A new taxi service operating via a mobile phone app in London is facing a legal challenge in the UK High Court after licenced taxi drivers complained that the app infringes on their lawful trade, reports the BBC.
The new service operated by Uber runs in 100 countries around the world, and works by matching a nearby taxi driver to a fare. The app allows customers to compare the fares of nearby drivers in order to get the best deal.
It has faced stiff criticism from London’s black cab drivers, who believe that because the app has a second layer which calculates fares based on distance it essentially amounts to a taximeter, something which private vehicles are not allowed to use.
The app threatens the grip on the market currently enjoyed by London’s famous black cabs, and their professional body, the London Taxi Drivers Association (LTDA) is coordinating the legal challenge against it.
High Court challenge
Now London’s transport authority is asking the High Court to adjudicate on the matter, to give the industry a legally binding ruling in a bid to putting an end to the dispute and providing clarity over the use of apps in the taxi business.
Transport for London (TfL) believes the Uber app does not break the law; however, it believes that because of the ‘level of concern within the trade’ a High Court decision is needed to settle the matter.
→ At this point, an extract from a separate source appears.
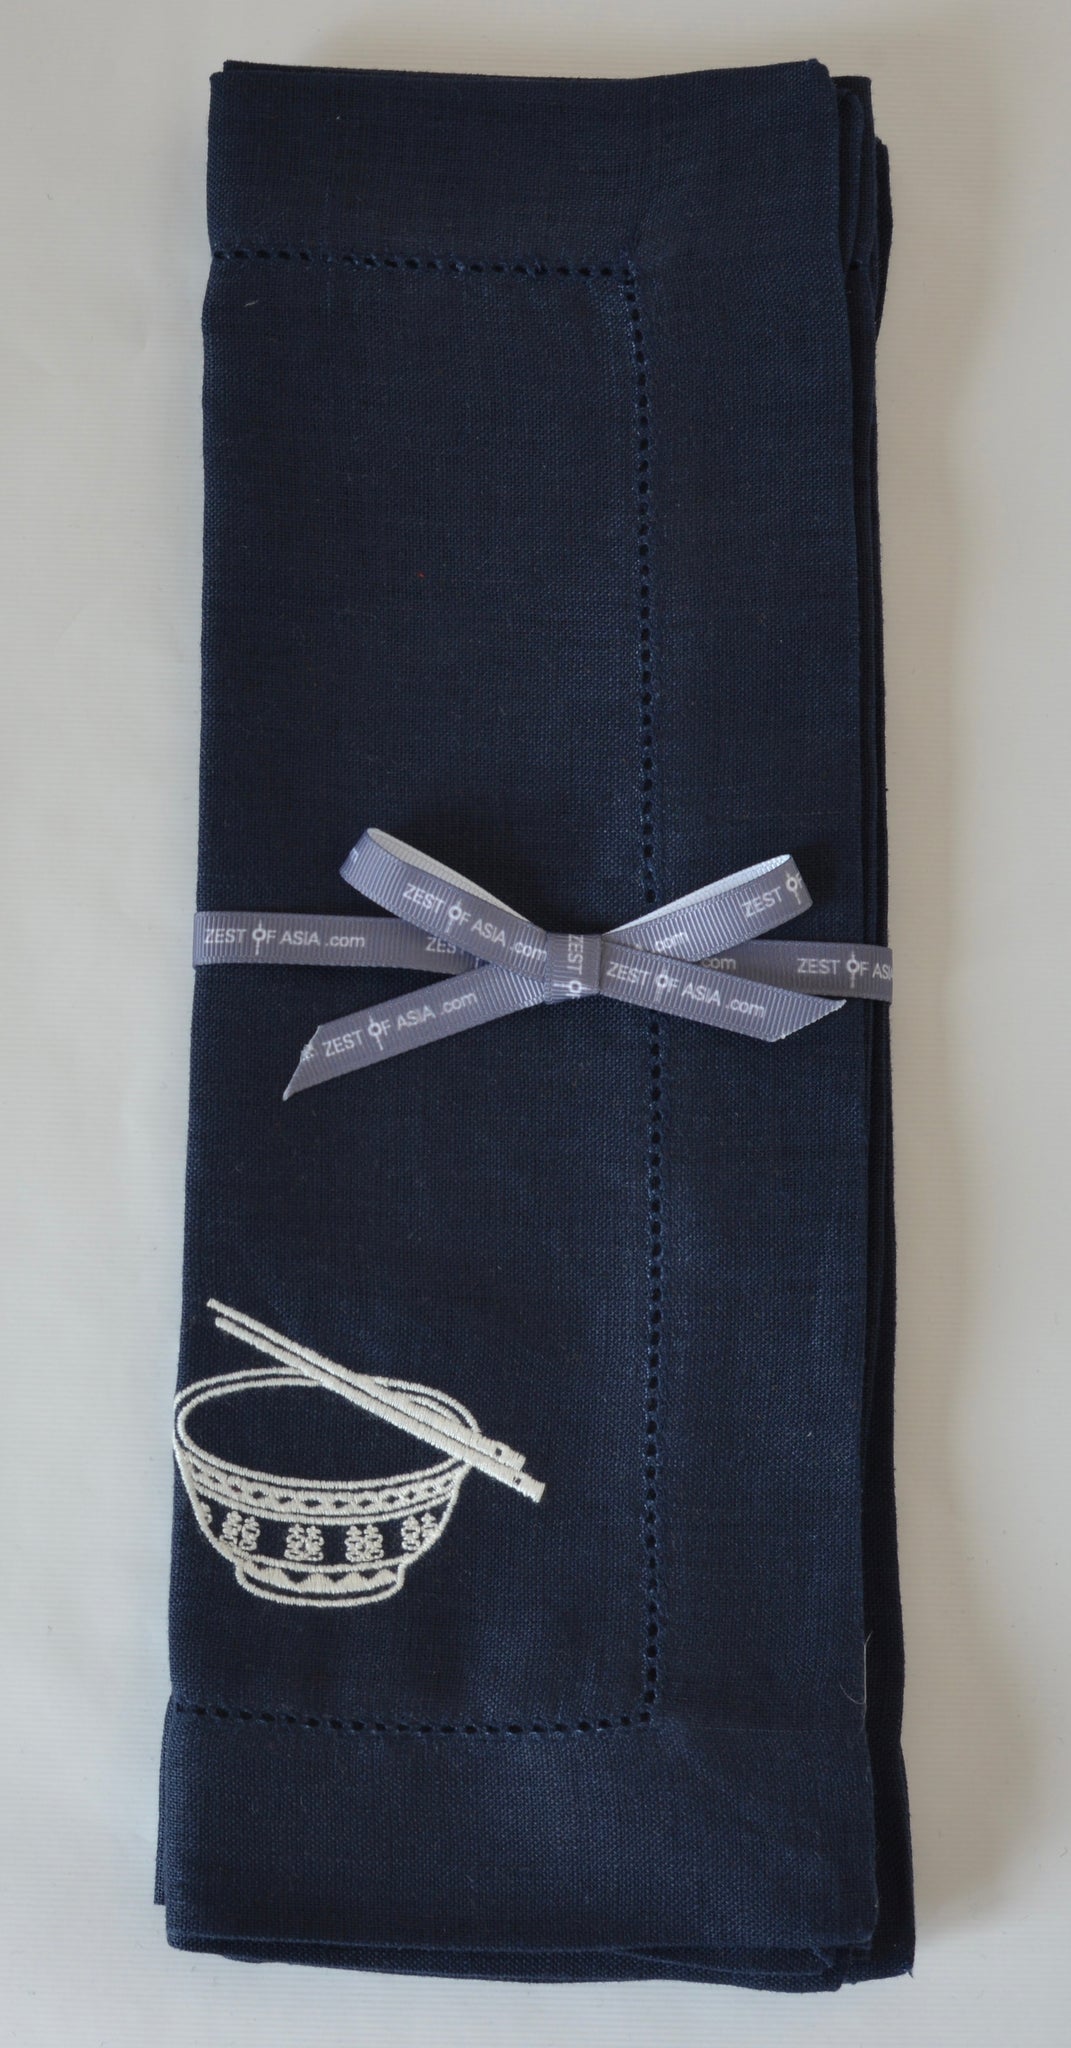 Navy Blue Linen Placemats - Set of 4 pieces

TfL’s opinion is that the way the app works means it remains within the law, because there is no physical connection between the device and the vehicle, something that is required for a traditional taximeter.
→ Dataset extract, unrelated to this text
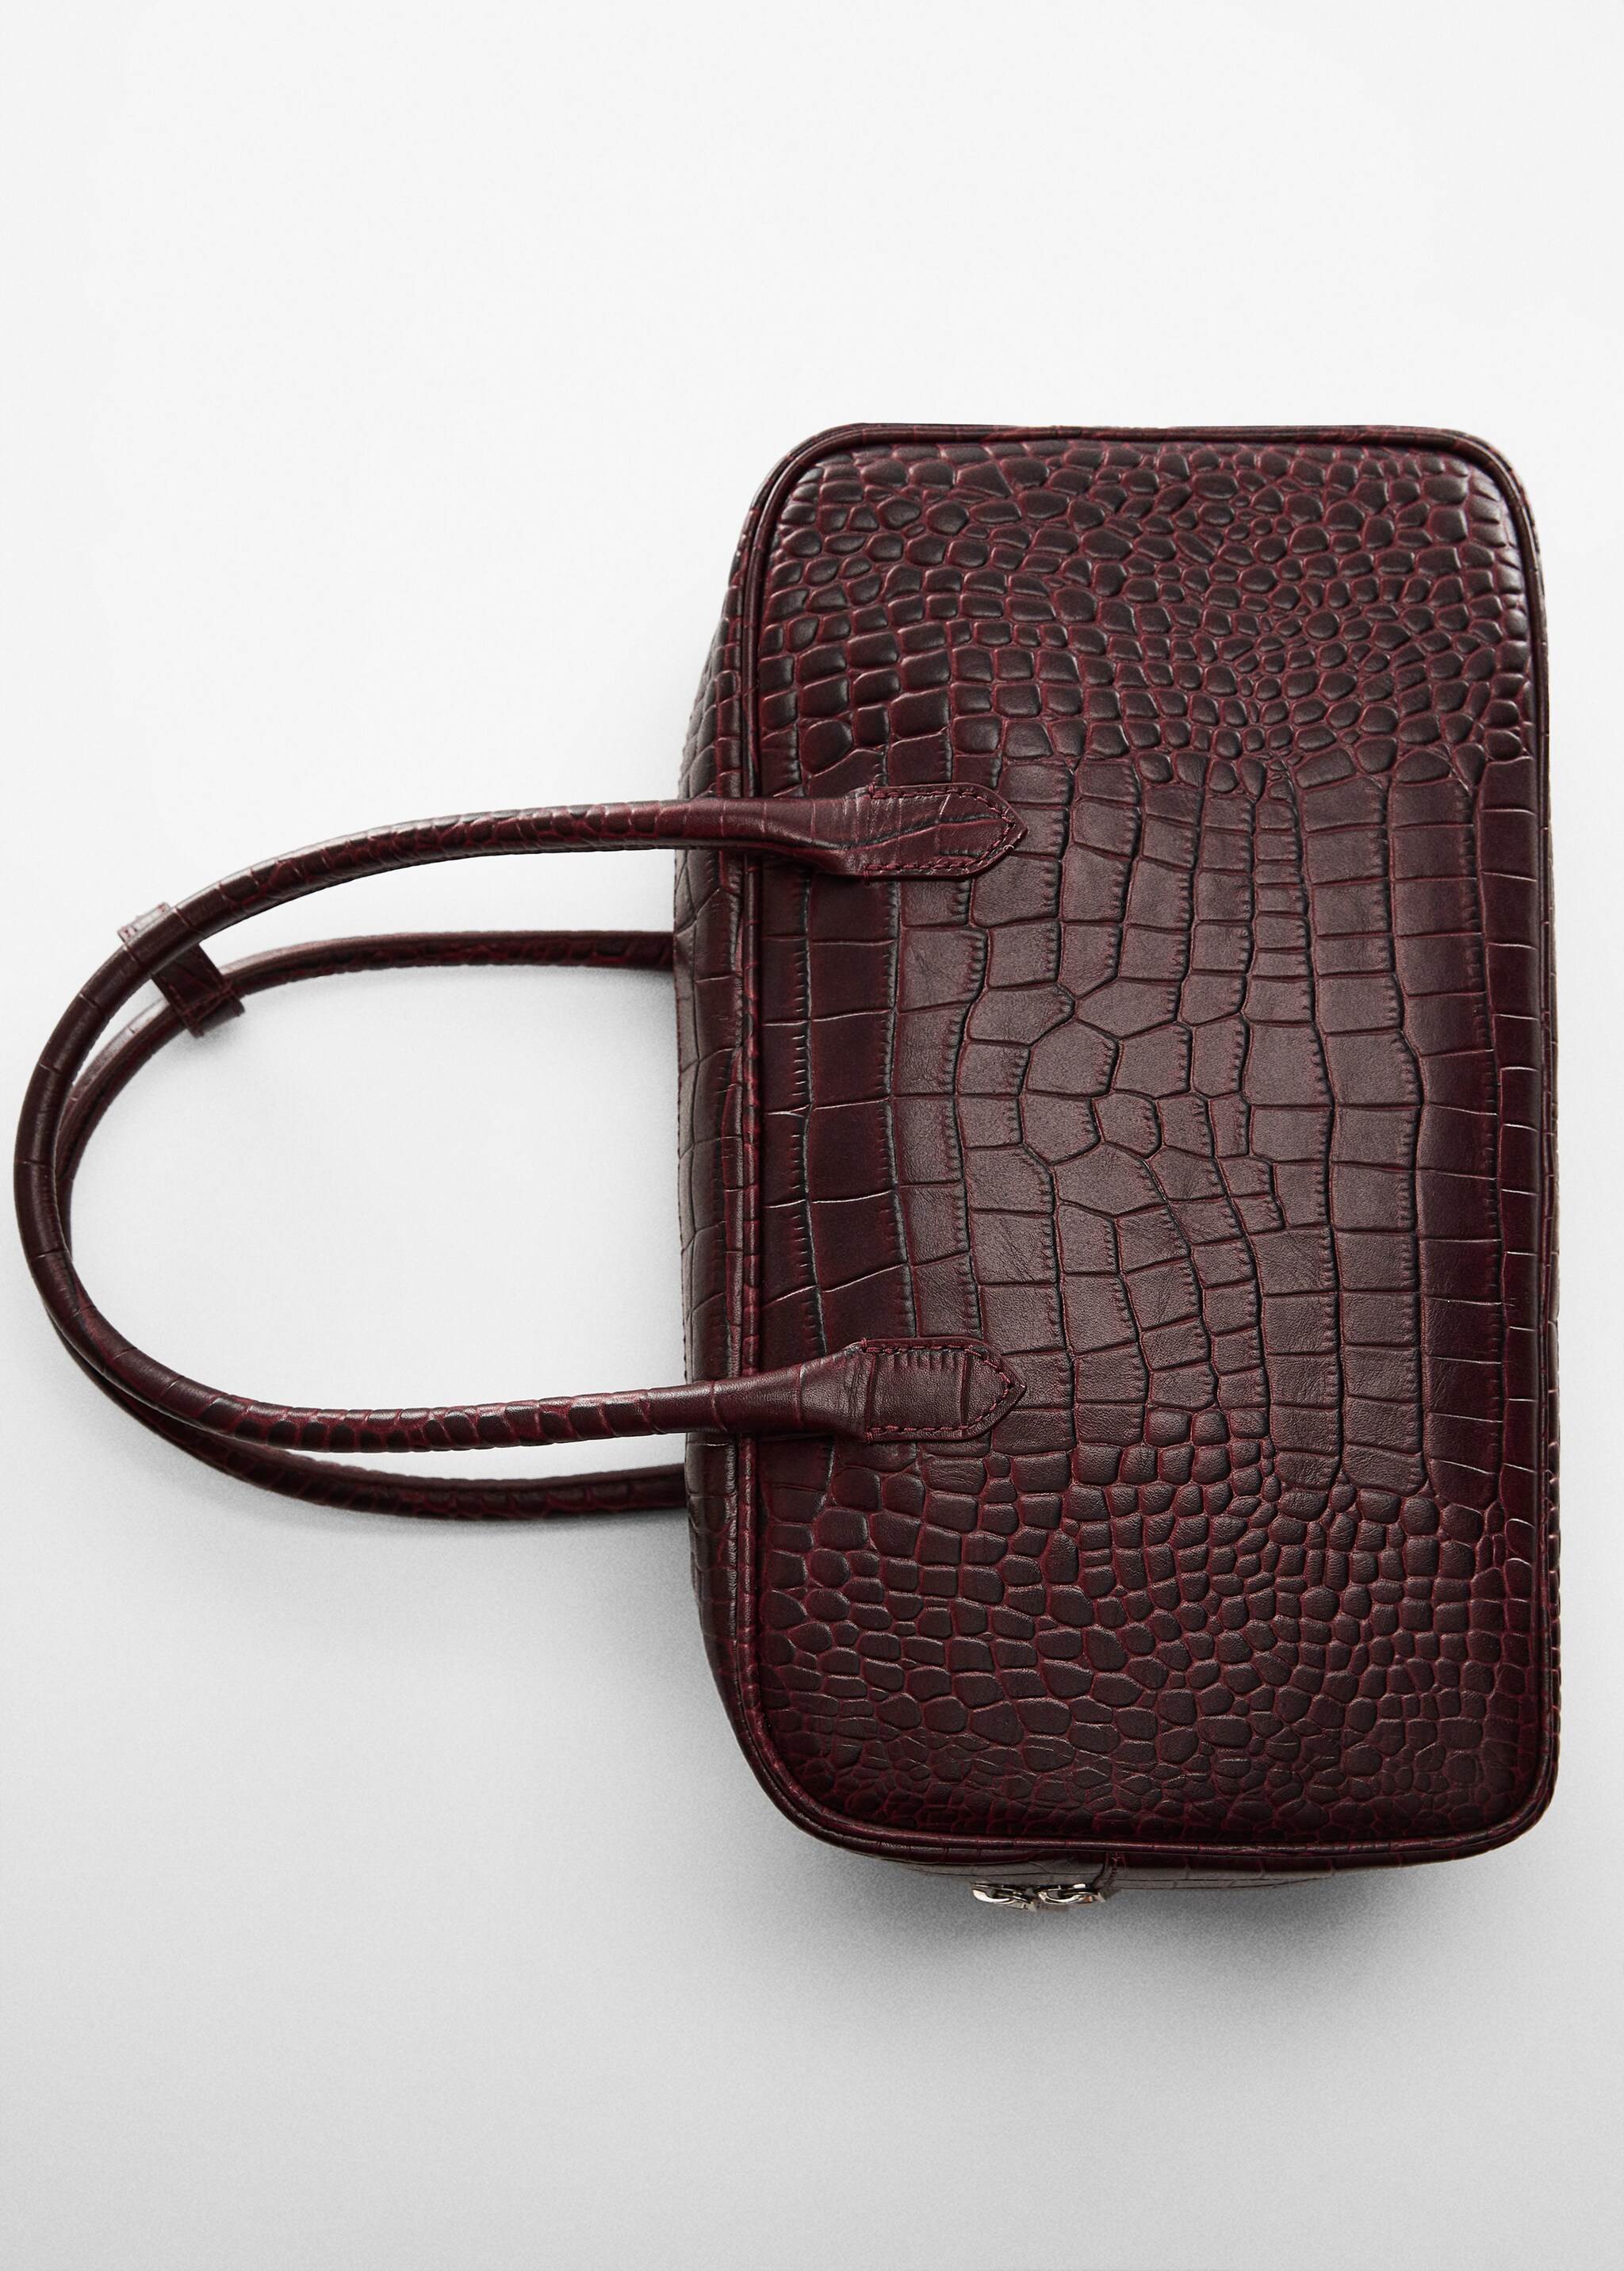 Rectangular leather handbag - Details of the article 5

However, TfL accepts that the pace of change in the technology sector and the development of apps in this area does mean that the law may need revisiting and for this they require the help of the High Court.
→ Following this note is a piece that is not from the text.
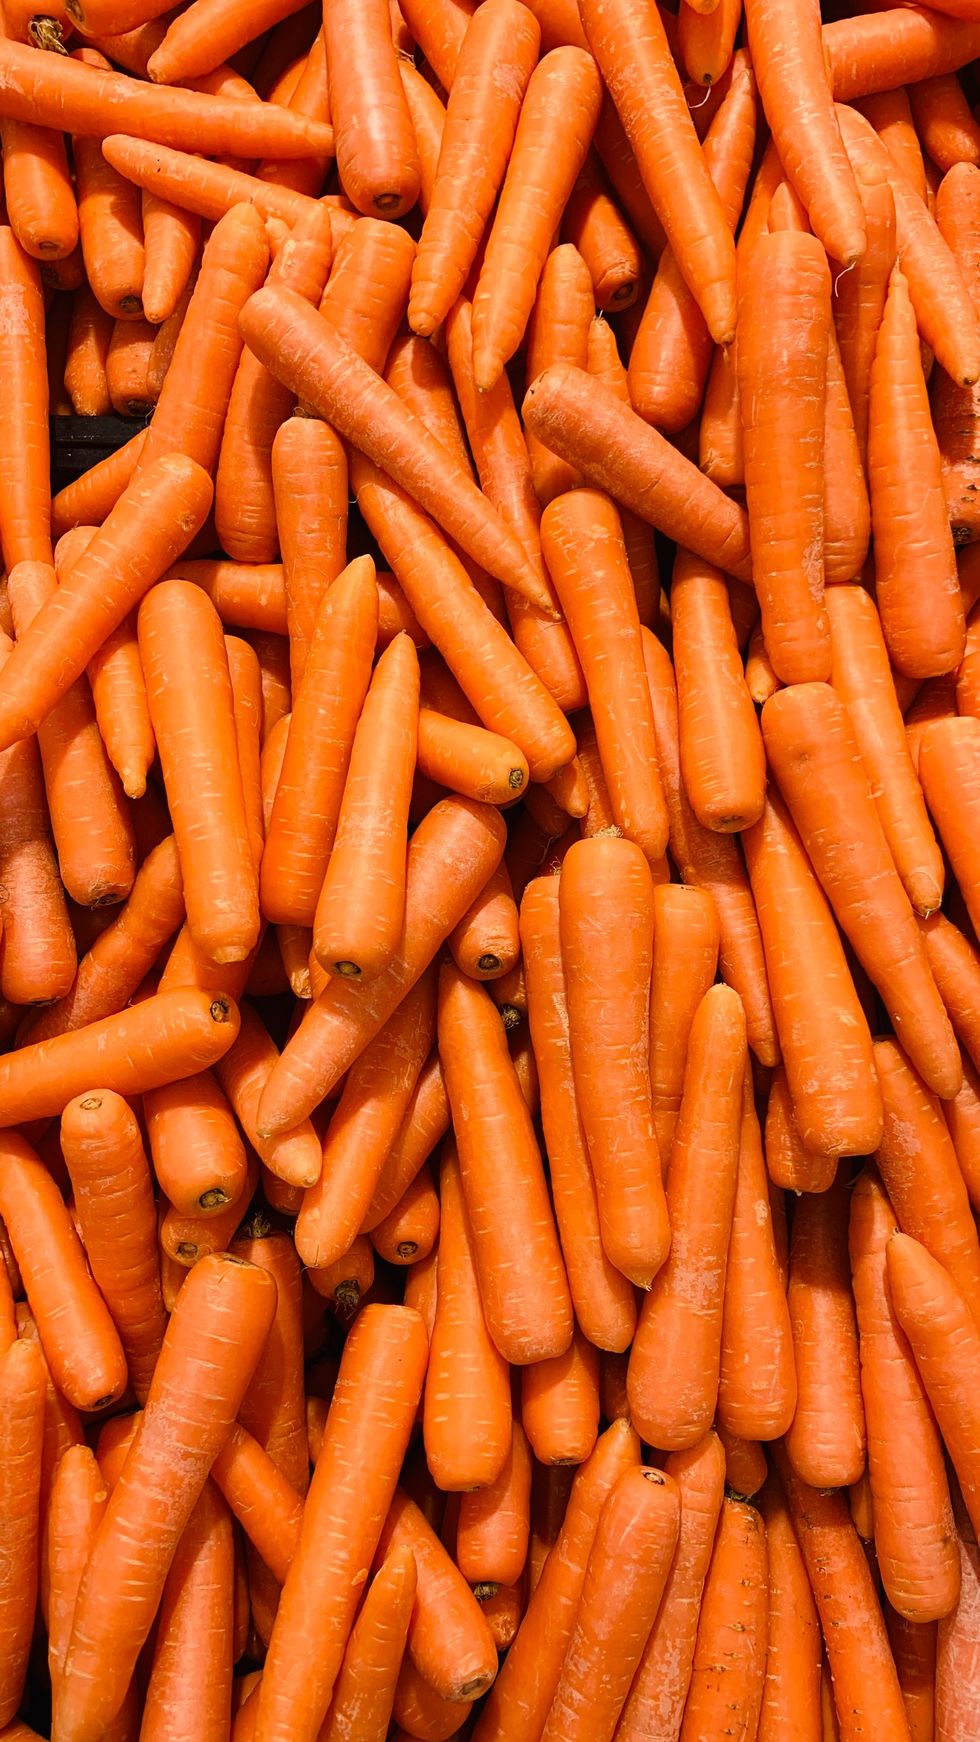 lots of carrot sticks close up full frame orange

Leon Daniels is TfL’s managing director of surface transport.
“We will be asking the High Court to provide a binding ruling,” he told the BBC.
However, the LTDA is left unsatisfied by TfL’s position, and is planning to conduct a protest demonstration on 11 June in London to highlight the issue to the wider public.
The LTDA says the demonstration will be designed to cause ‘severe’ congestion throughout central London and to create ‘traffic chaos’ for those using London’s roads.
The LTDA general secretary Steve McNamara told the BBC that the group would also be issuing its own legal challenge.
“The taxi trade have no confidence in TfL and its legal team whatsoever and we will be issuing proceedings of our own,” he said.
Uber on the other hand is welcoming the TfL decision to seek a legal opinion.